Hi all,

We have just submitted a new draft: "OAuth 2.0 Rich Authorization Requests for 
AS-Attested User Certificates". As AI Agents increasingly act on behalf of 
users, the traditional OAuth scope model often lacks the fine-grained intent 
verification needed for high-stakes operations. While Resource Owners (RO) can 
issue Verifiable Credentials (VCs) to Agents, there remains a "trust gap": the 
Resource Server (RS) has no standard way to verify that the public key used to 
sign the VC genuinely belongs to the RO.

This draft proposes an extension using Rich Authorization Requests (RAR) 
[RFC9396] to allow a Client to request an AS-attested certificate of the RO's 
public key. This establishes a robust trust chain, enabling the RS to verify 
user-signed delegation evidence securely.

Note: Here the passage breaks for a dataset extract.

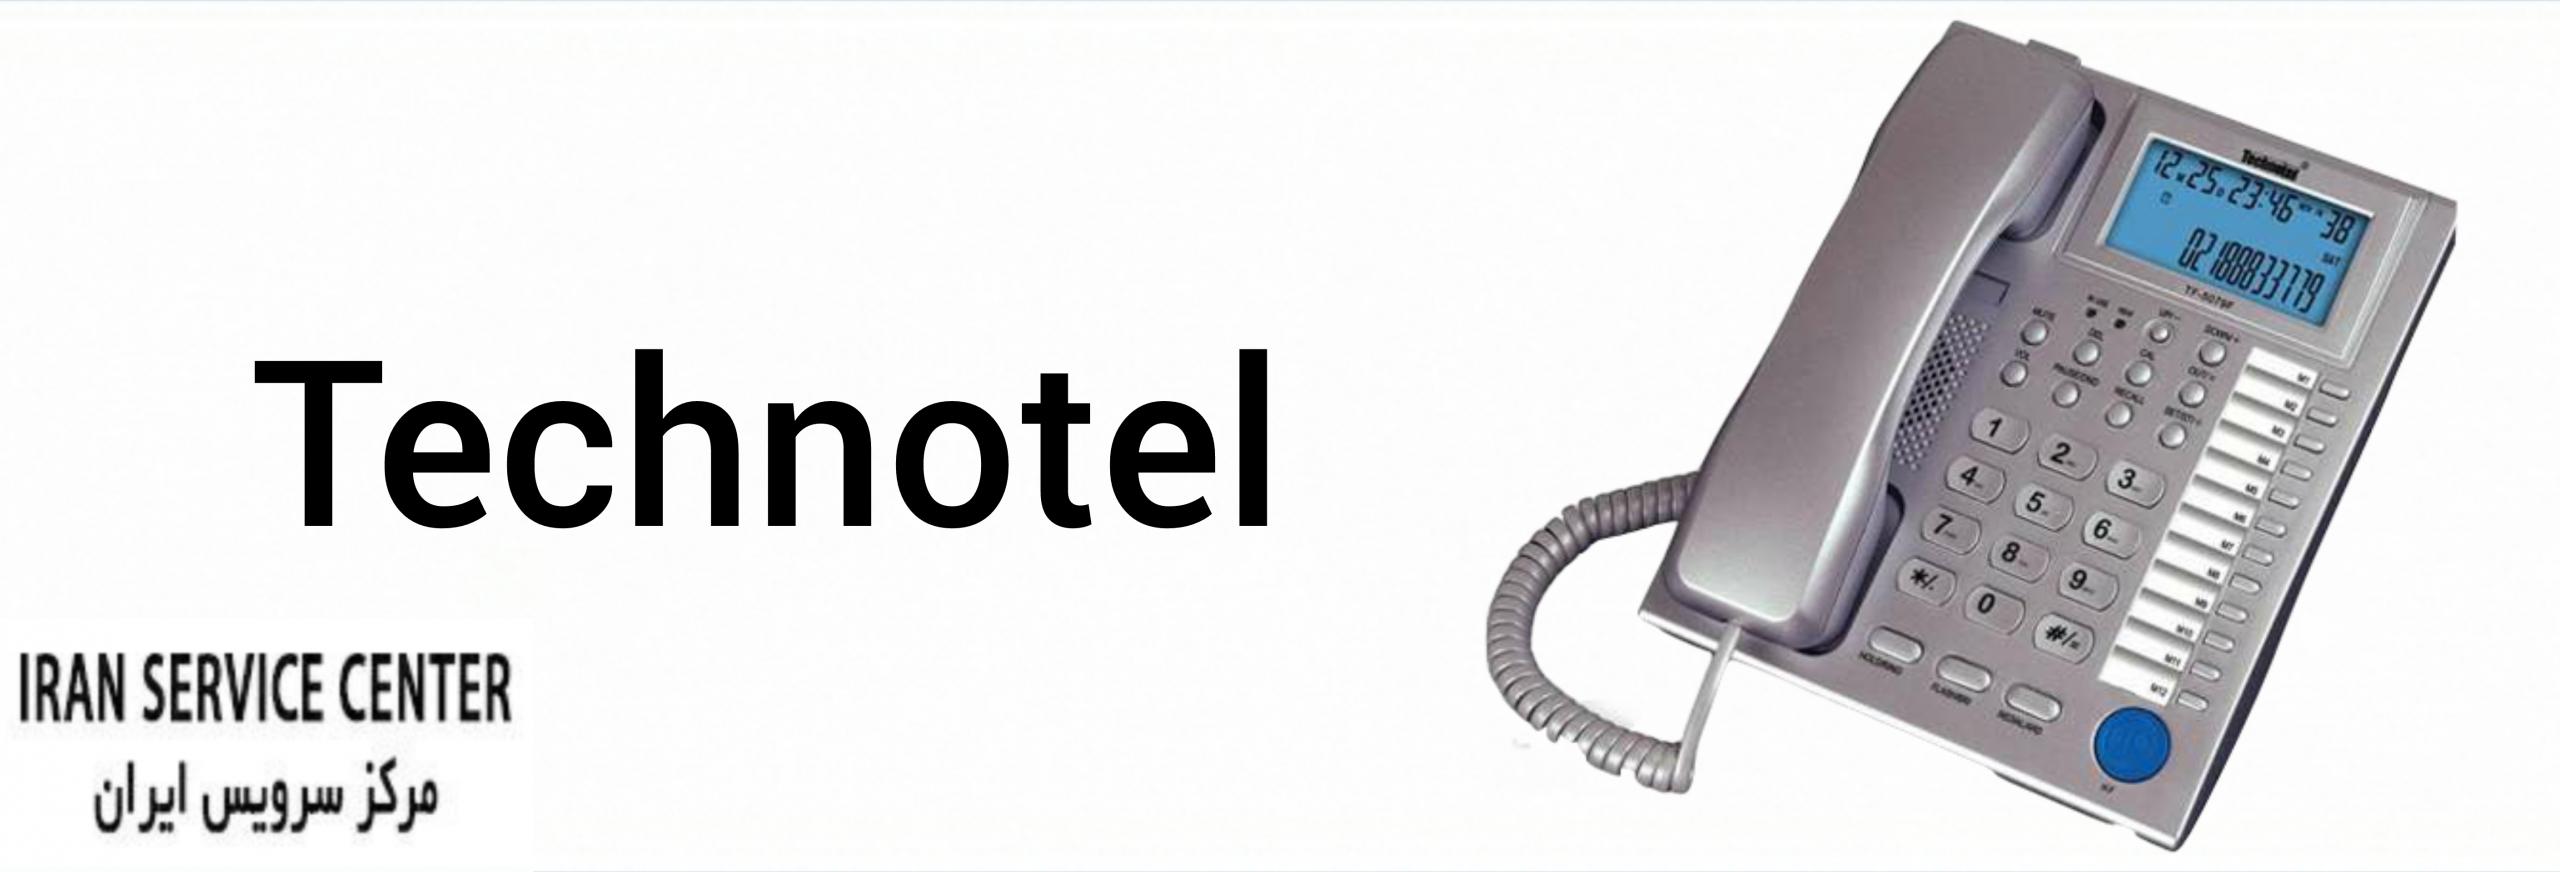 نمایندگی تعمیرات تلفن تکنوتل (technotel)

Looking forward to comments and feedbacks!

Thank you!

Best Regards,
Cheng-Kang

-----Original Message-----
From: [email protected] <[email protected]> 
Sent: Monday, March 2, 2026 4:39 PM
To: Chu Cheng Kang <[email protected]>; Wang Haiguang 
<[email protected]>; Liruochen <[email protected]>; 
Liruochen <[email protected]>; Li Tieyan <[email protected]>; Li 
Tieyan <[email protected]>
Subject: New Version Notification for 
draft-chu-oauth-as-attested-user-cert-00.txt

A new version of Internet-Draft draft-chu-oauth-as-attested-user-cert-00.txt
has been successfully submitted by Cheng-Kang Chu and posted to the IETF 
repository.

Name:     draft-chu-oauth-as-attested-user-cert
Revision: 00
Title:    OAuth 2.0 Rich Authorization Requests for AS-Attested User 
Certificates
Date:     2026-03-02
Group:    Individual Submission
Pages:    9
URL:      
https://www.ietf.org/archive/id/draft-chu-oauth-as-attested-user-cert-00.txt
Status:   
https://datatracker.ietf.org/doc/draft-chu-oauth-as-attested-user-cert/
HTMLized: 
https://datatracker.ietf.org/doc/html/draft-chu-oauth-as-attested-user-cert


Abstract:

   This document defines an extension to the OAuth 2.0 Rich
   Authorization Requests (RAR) framework.  It introduces a mechanism
   that allows a Client, such as an autonomous AI Agent, to request an
   Authorization Server (AS) to include an AS-attested Resource Owner
   public key certificate within, or bound to, an Access Token.

   This mechanism enables the Resource Server (RS) to securely obtain
   the Resource Owner's trusted public key, which can then be used to
   verify application-layer delegation evidence (e.g., Verifiable
   Credentials) signed by the Resource Owner.